On August 25, 2003, Nexia issued Three Million (3,000,000) shares of common stock to The Company Reporter, Inc. in exchange for a six-month contract for investor relations services. The Company Reporter Inc. is a full service investor relations firm specializing in growth stock. The shares were valued at $3,000 at the time of issuance. The Company issued the shares with a restrictive legend pursuant to section 4(2) of the Securities Act of 1933 in an isolated private transaction by the Company which did not involve a public offering. The Company made this offering based on the following factors: (1) The issuance was an isolated private transaction by the Company which did not involve a public offering, being made to a single entity; (2) there was only one offeree who was issued stock; (3) the offeree acquired the stock with investment intent; (4) there were no subsequent or contemporaneous public offerings of the stock; (5) the stock was not broken down into smaller denominations; and (6) the negotiations for the issuance of the stock took place directly between the offeree and the Company. The Company Reported, Inc. was a sophisticated investor at the time of the issuance.
 
On January 29, 2004, the board of directors authorized the issuance of 10,000 shares of the Company’s common stock to each of the Company’s directors, Richard Surber, Gerald Einhorn, Adrienne Bernstein and John E. Fry, Jr.

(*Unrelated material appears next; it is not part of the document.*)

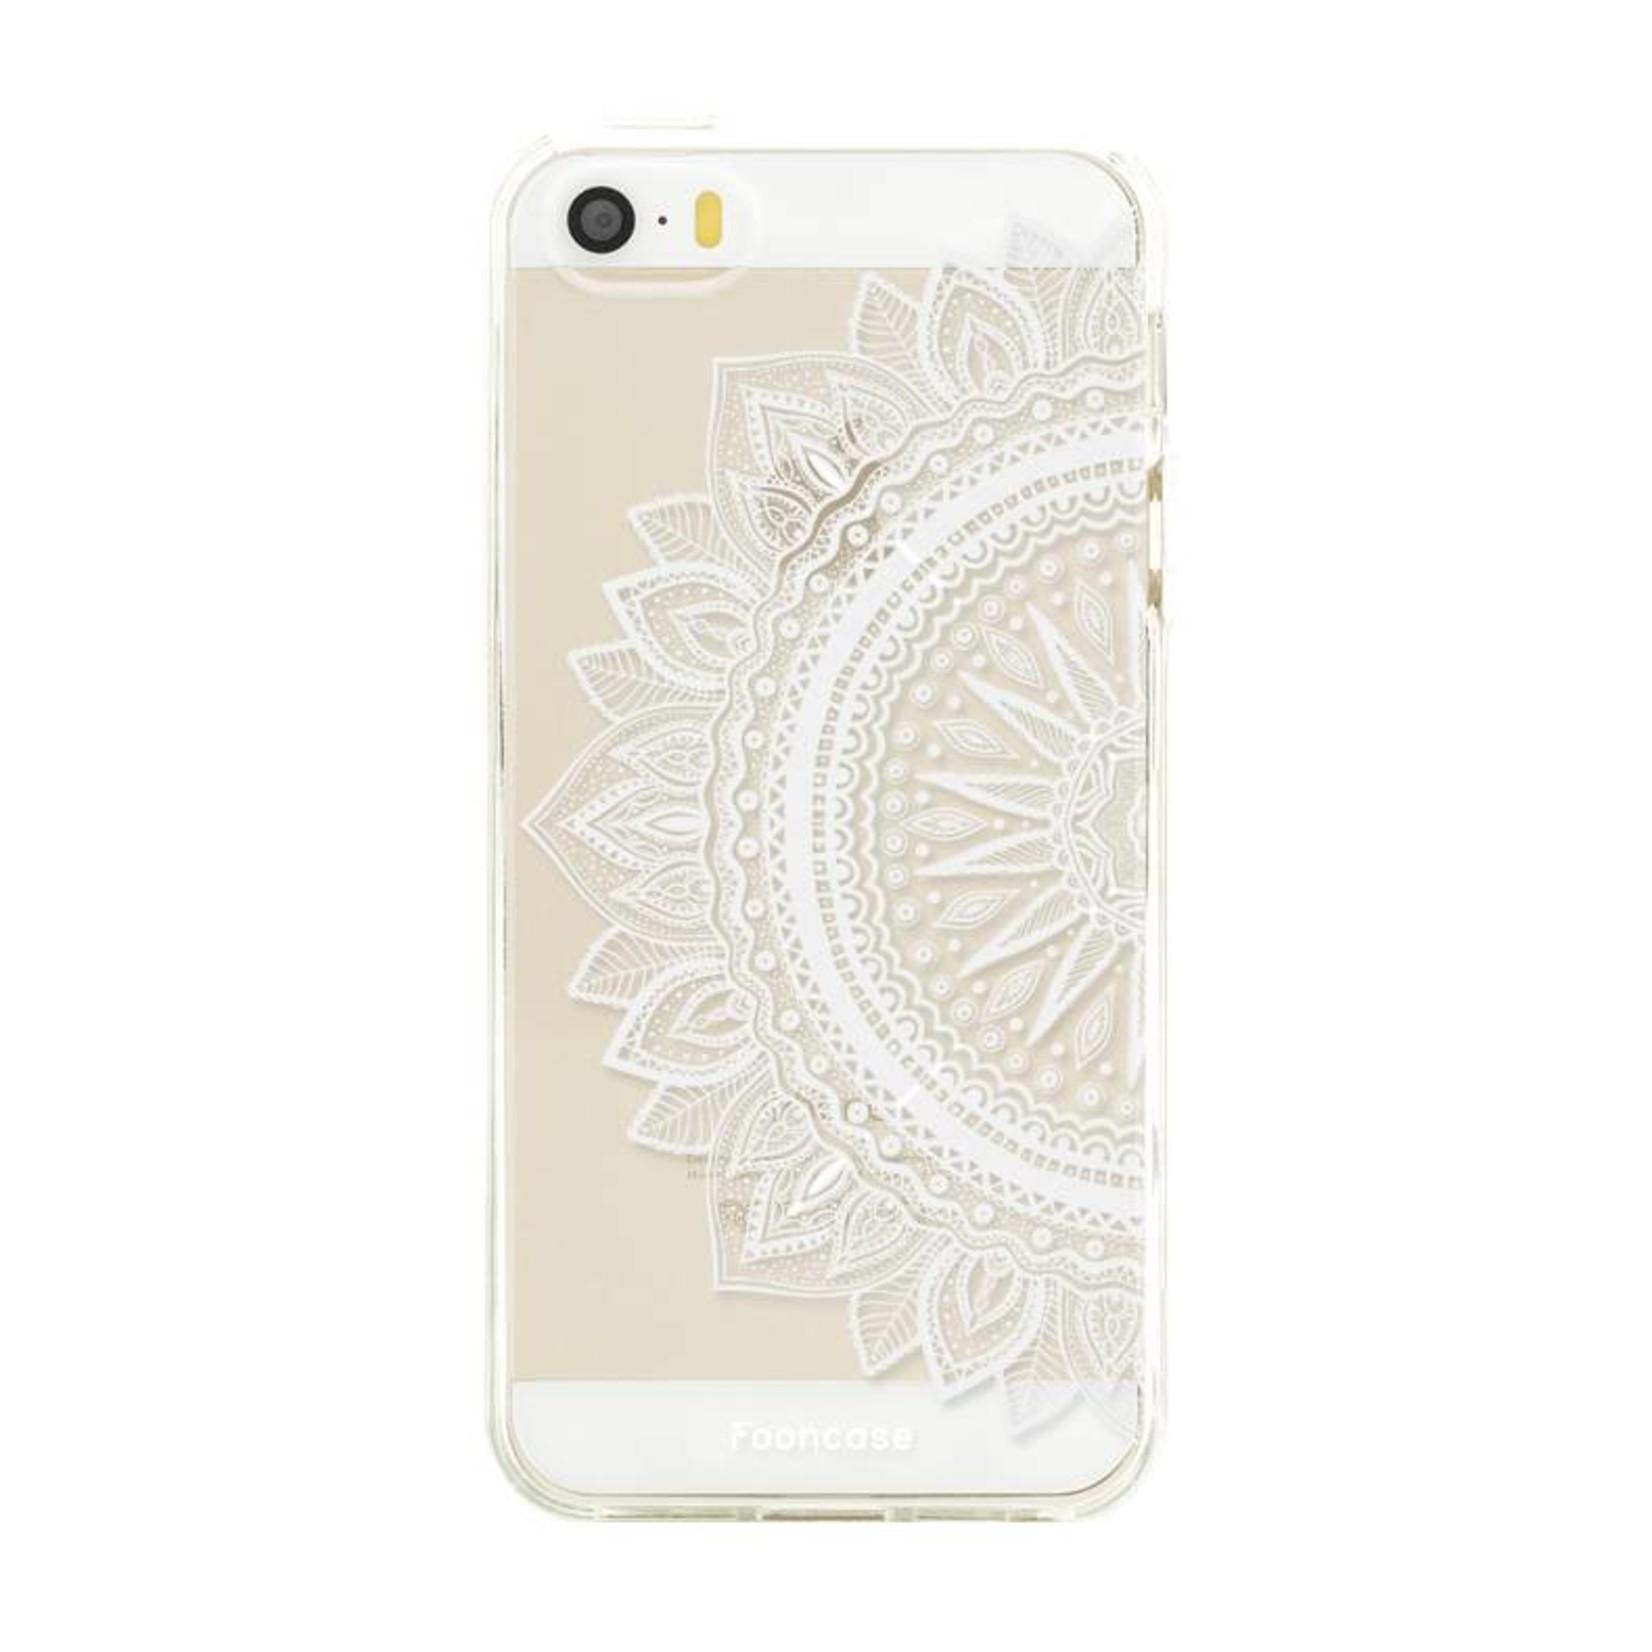 FOONCASE iPhone 5 / 5S hoesje TPU Soft Case - Back Cover - Mandala / Ibiza

The stock was issued as compensation for the services provided by the directors and was issued with a restrictive legend and pursuant to Section 4(2) of the Securities Act of 1933. The shares were valued at a total of $480,000. Each of the directors was considered a sophisticated investor based upon their positions with the company.
 
On April 8, 2004, the Company's board of directors authorized the issuance of 5,000,000 shares of the Company's common stock to Ronald Friedman for advisory services rendered to the Company, including arranging financing for the company and other advice to management. The shares were issued with a restrictive legend and issued pursuant to Section 4(2) of the Securities Act of 1933 in a private transaction. The Company made this offering based on the following factors: (1) The issuance was an isolated private transaction by the Company which did not involve a public offering, being made to a single entity; (2) there was only one offeree who was issued stock; (3) the offeree acquired the stock with investment intent; (4) there were no subsequent or contemporaneous public offerings of the stock; (5) the stock was not broken down into smaller denominations; and (6) the negotiations for the issuance of the stock took place directly between the offeree and the Company. Mr. Friedman is an accredited investor.
 
On September 21, 2004, the Company authorized the issuance of 8,000,000 shares of its Series B Preferred Stock to Richard Surber. The shares were issued to retain Mr. Surber as a personal guarantor of certain mortgages for the Company and valued at $8,000.  The Company issued the shares pursuant to section 4(2) of the Securities Act of 1933 in an isolated private transaction by the Company which did not involve a public offering. The Company made this offering based on the following factors: (1) The issuance was an isolated private transaction by the Company which did not involve a public offering, being made to a single entity; (2) there was only one offeree who was issued stock; (3) the offeree acquired the stock with investment intent; (4) there were no subsequent or contemporaneous public offerings of the stock; (5) the stock was not broken down into smaller denominations; and (6) the negotiations for the issuance of the stock took place directly between the offeree and the Company.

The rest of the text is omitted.